Relating nitrogen concentration and light intensity to the growth and lipid accumulation of Dunaliella viridis in a photobioreactor

The marine microalgal species Dunaliella viridis is a promising source of biofuels because of its ability to accumulate neutral lipids without freshwater resources for growth. Less energy for biofuel production from D. viridis may also be required because of the possible extraction of lipids through osmotic lysis. However, there is a lack of experimental data on the growth of D. viridis that can be used in mathematical models for process design. In this study, experiments were performed in a 3.2 L photobioreactor with both pH and temperature tightly controlled at 7.6 and 25 °C, respectively.

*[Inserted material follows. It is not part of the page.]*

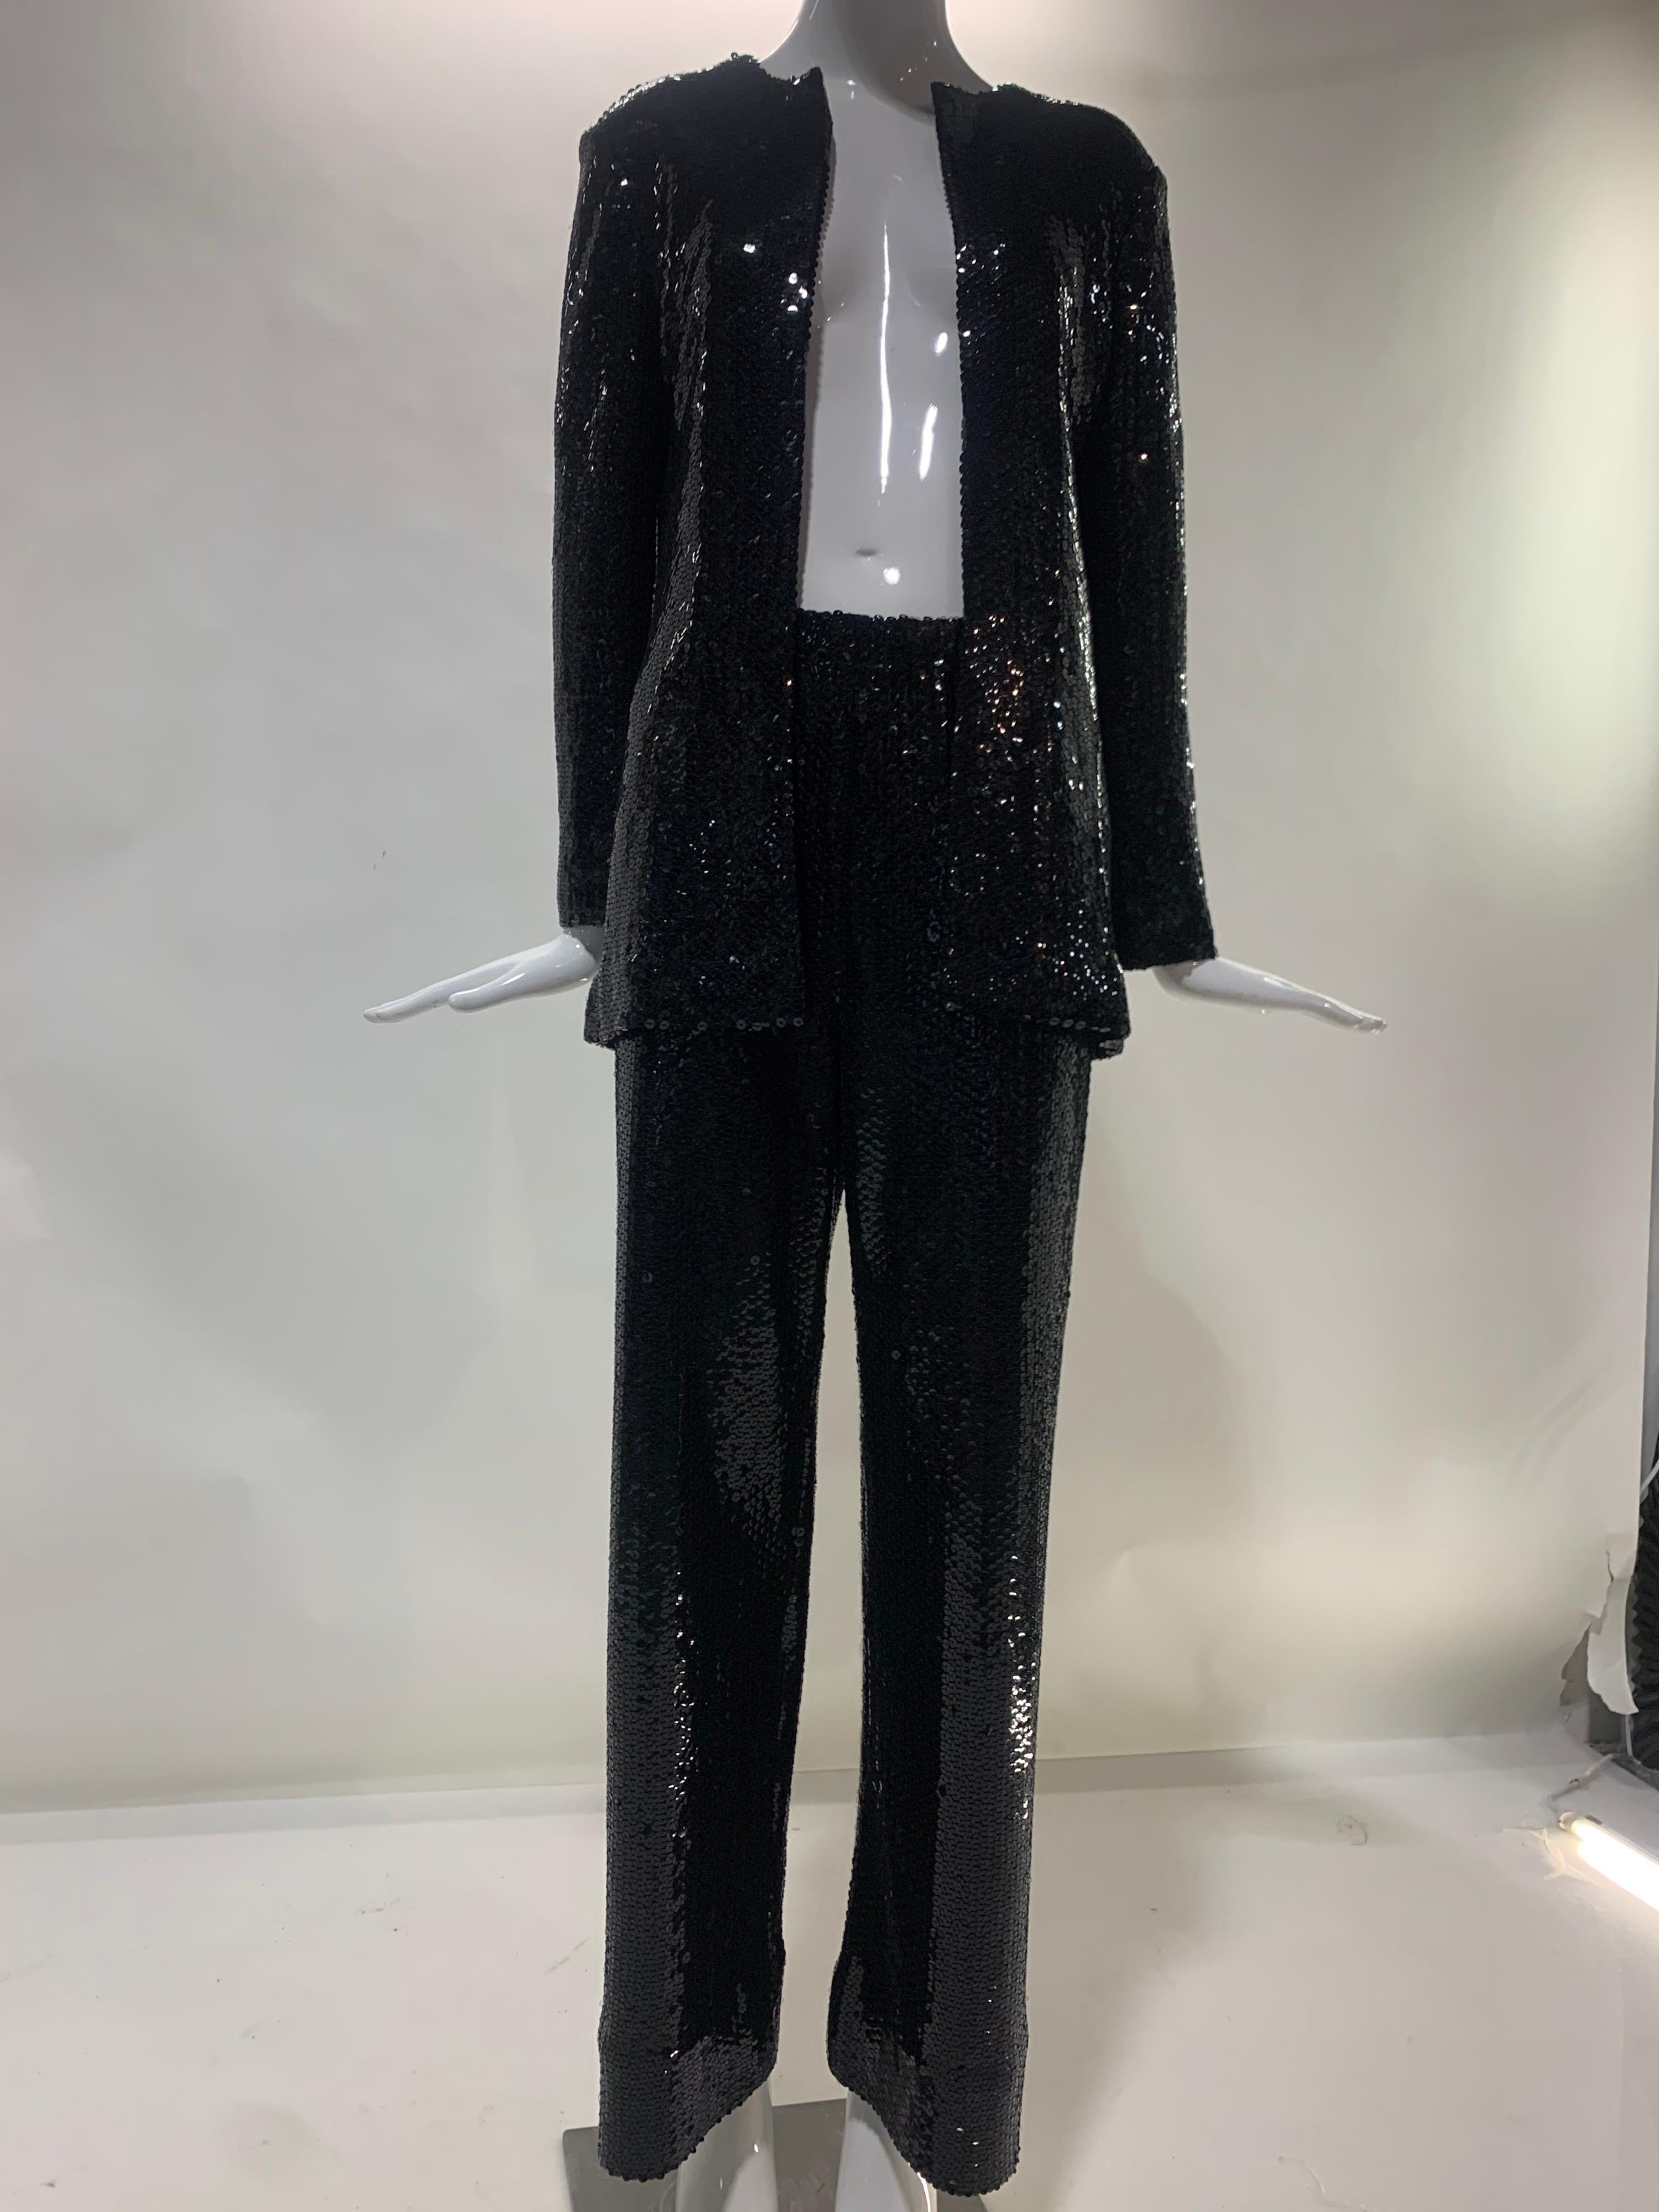 A fabulous 1970s Halston black solid sequin pant suit on matte jersey, This classic Halston look made Liza Minnelli famous!  Get your Glam on!  New, never worn. Size 8. 
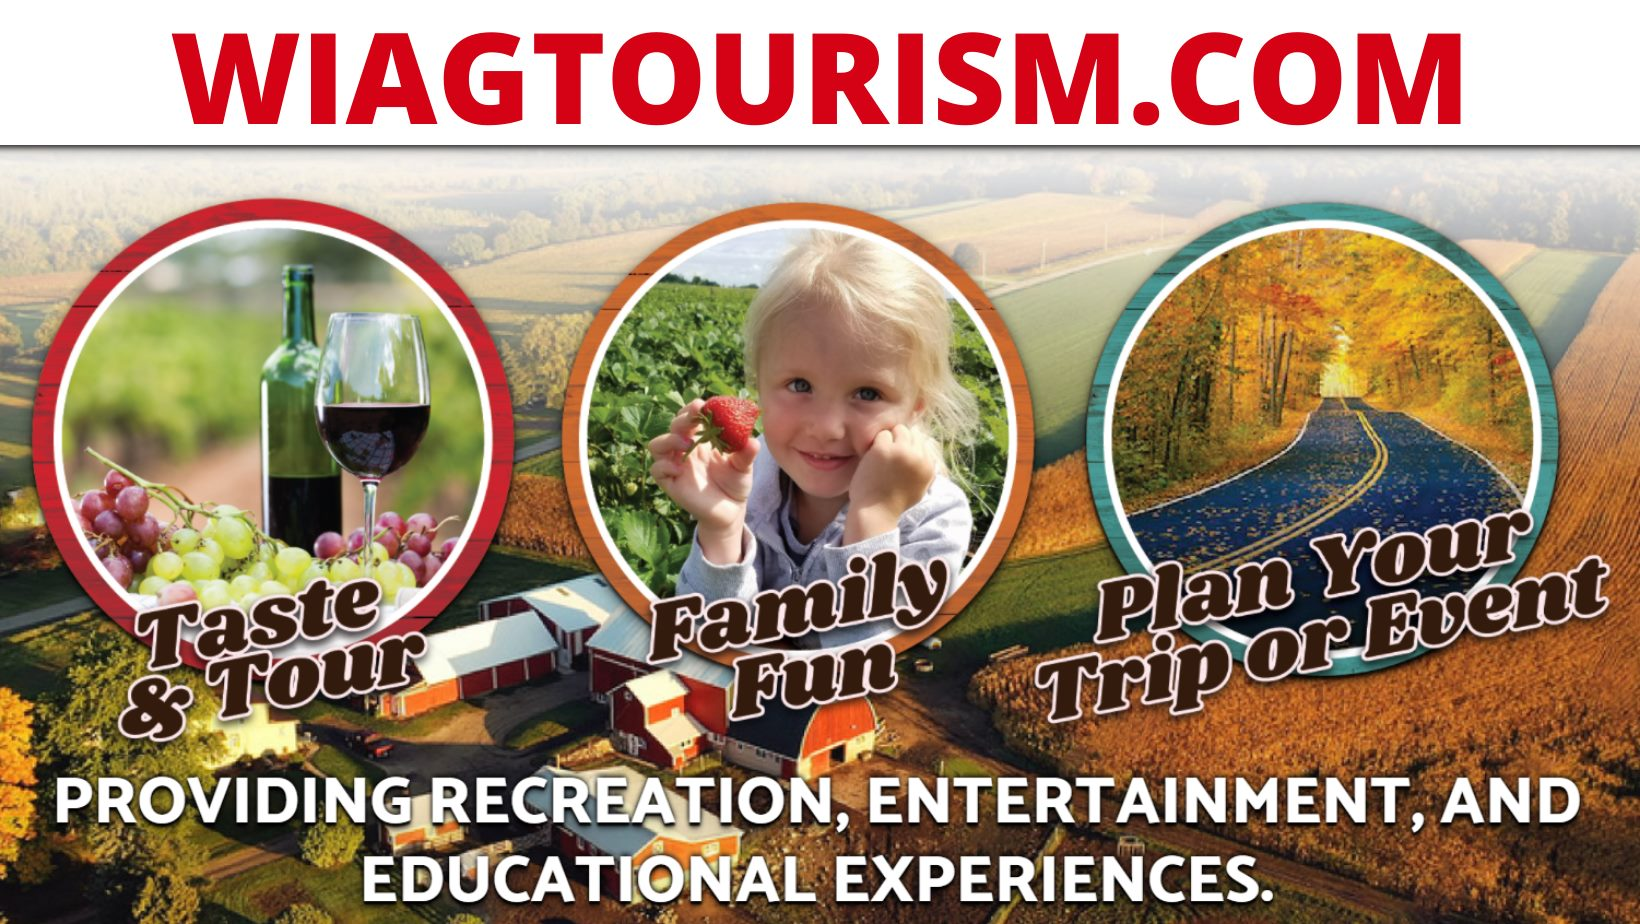 Agriculture Tourism Essential To Wisconsin

Levels of neutral lipids, biomass, carbohydrate, chlorophyll, and cell counts of D. viridis were evaluated for ten days at various initial light intensities (100, 300, 400, and 600 μmol photons m−2 s−1) and nitrogen levels (9 and 60 g m−3 as nitrogen). The maximum lipid production observed was 26.9 g m−3 with 3.15 g m−3 day−1 average lipid productivity at an initial nitrogen concentration of 9 g m−3 and initial light intensity of 300 μmol photons m−2 s−1. The data show that D. viridis accumulates cellular carbohydrates as a primary carbon and energy storage product and then converts the cellular carbohydrates into cellular lipids as a secondary storage product when nitrogen is depleted. The on-line light data revealed linear relationships between real-time light intensity and biomass concentration (r = 0.96, p < 0.01) and between real-time light intensity and chlorophyll a concentration (r = − 0.89, p < 0.01), suggesting the possible use of real-time light data as a method for in situ quantification of biomass concentration and chlorophyll a concentration.